-------- Recorded information --------

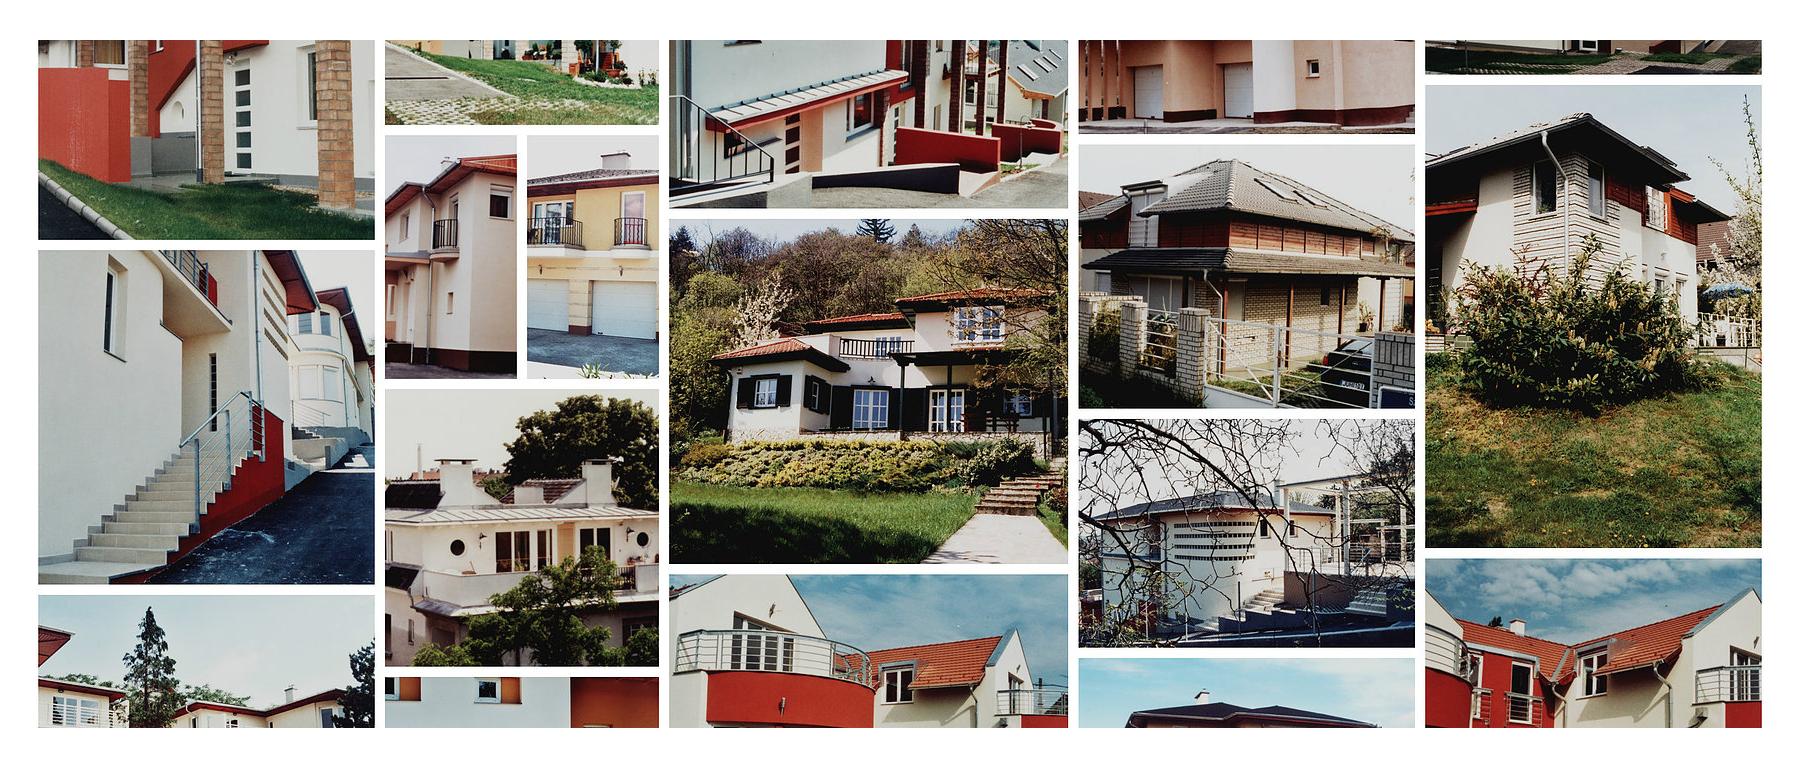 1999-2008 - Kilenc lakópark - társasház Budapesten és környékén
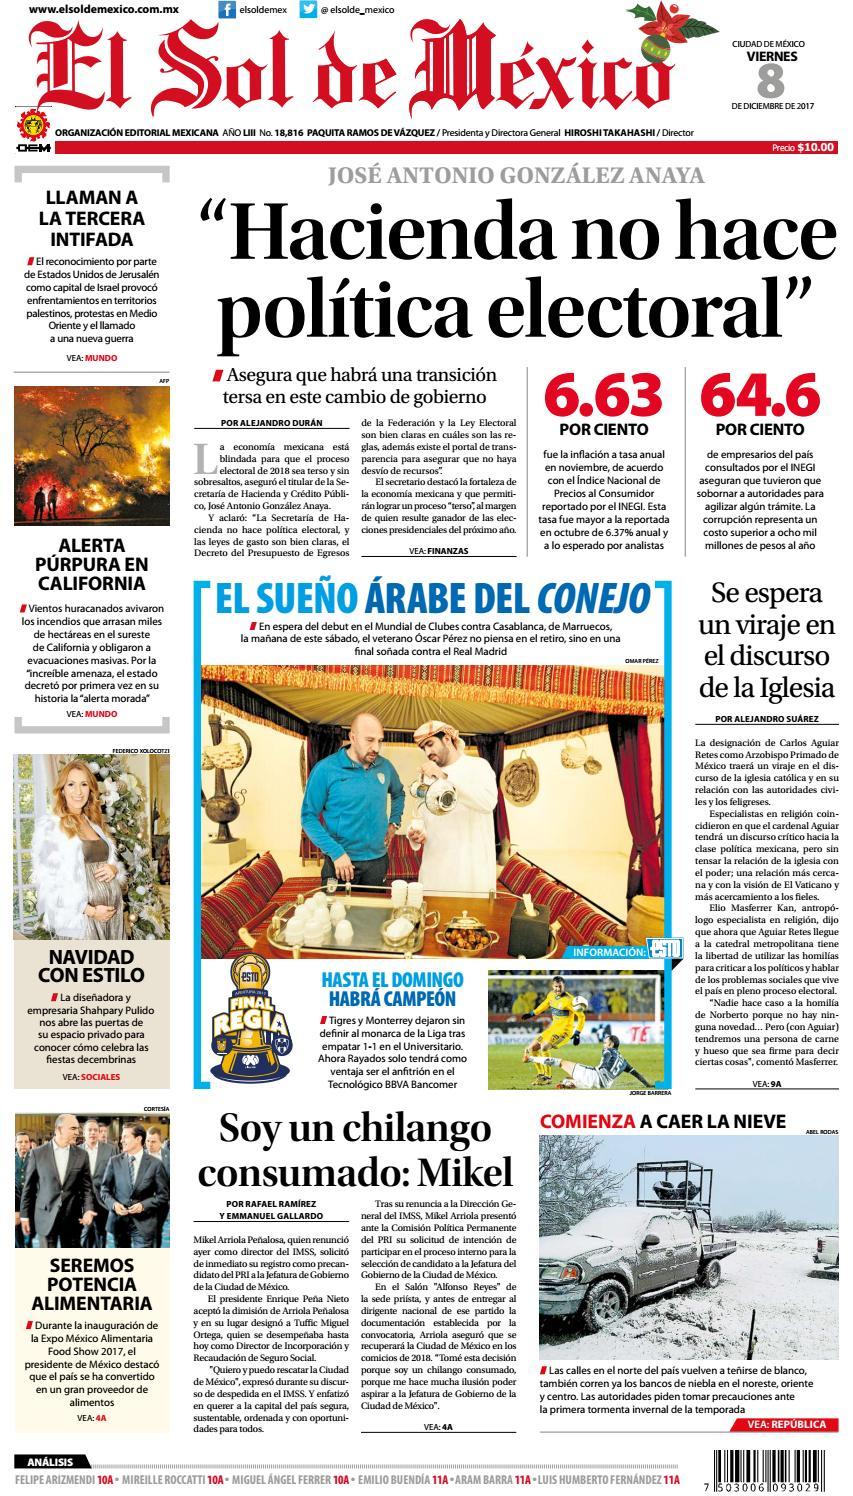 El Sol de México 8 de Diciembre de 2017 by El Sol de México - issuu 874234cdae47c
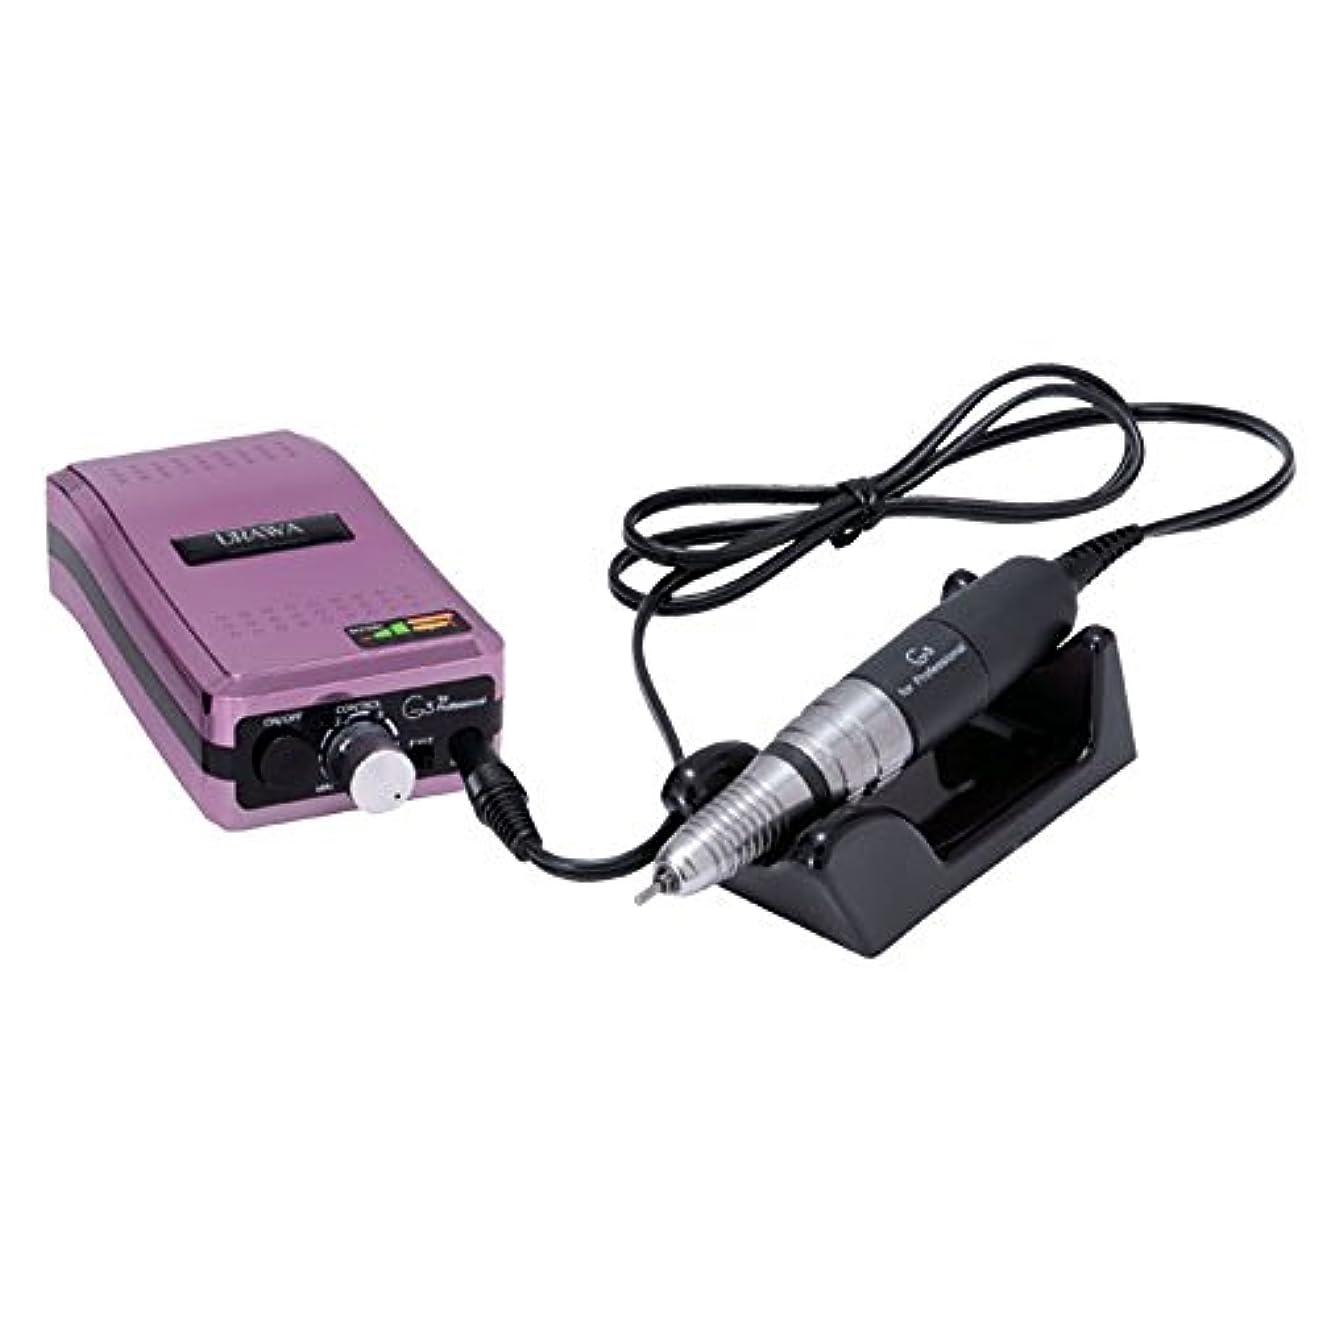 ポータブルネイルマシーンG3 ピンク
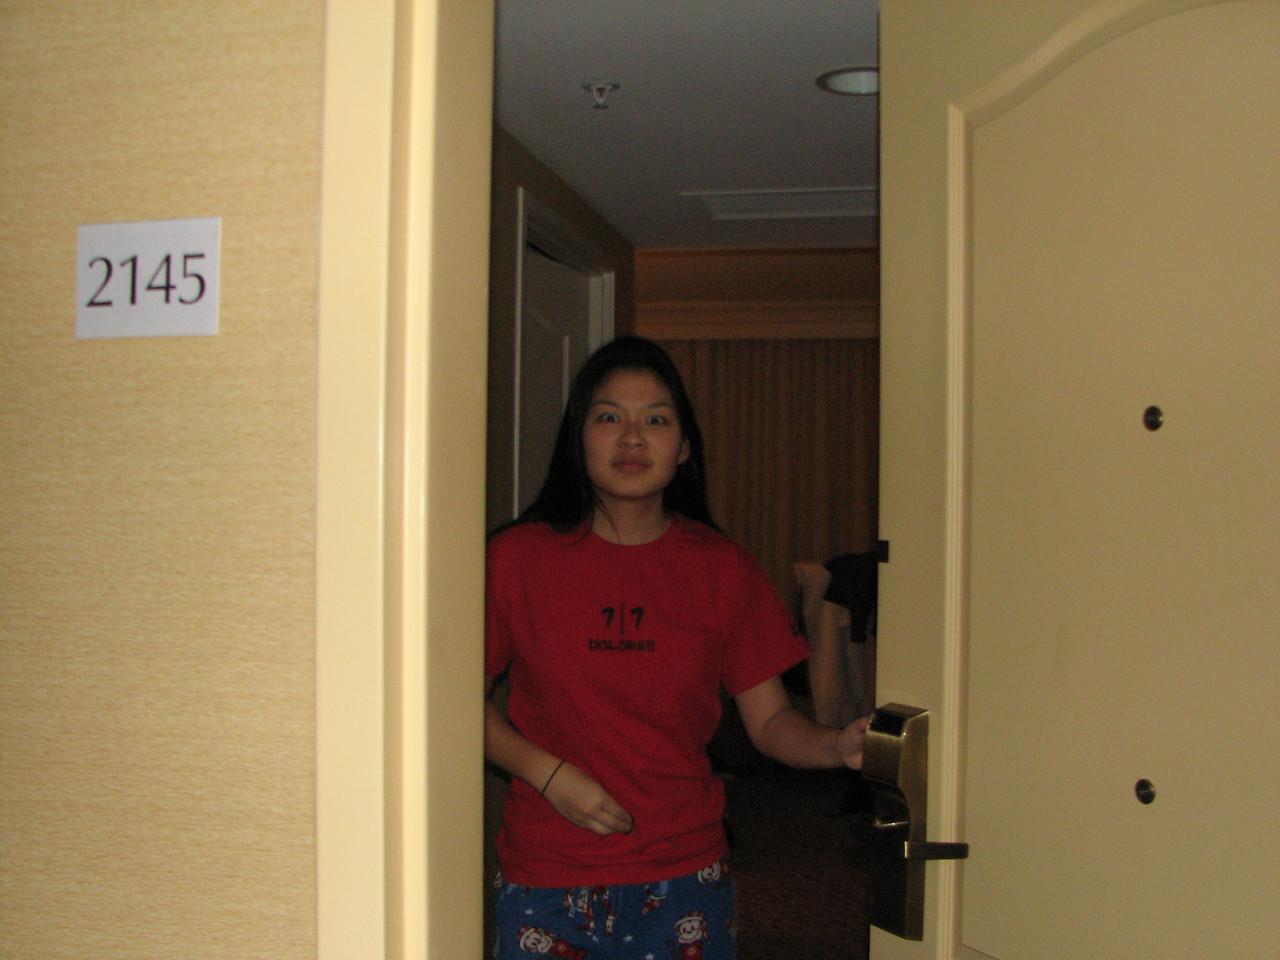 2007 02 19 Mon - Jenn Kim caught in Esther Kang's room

--------

§ **Work order**
Return each line from the material above exactly, but not the pictures.

§ **Written answer**
 1999-2008 - Kilenc lakópark - társasház Budapesten és környékén
 El Sol de México 8 de Diciembre de 2017 by El Sol de México - issuu 874234cdae47c
 ポータブルネイルマシーンG3 ピンク
 2007 02 19 Mon - Jenn Kim caught in Esther Kang's room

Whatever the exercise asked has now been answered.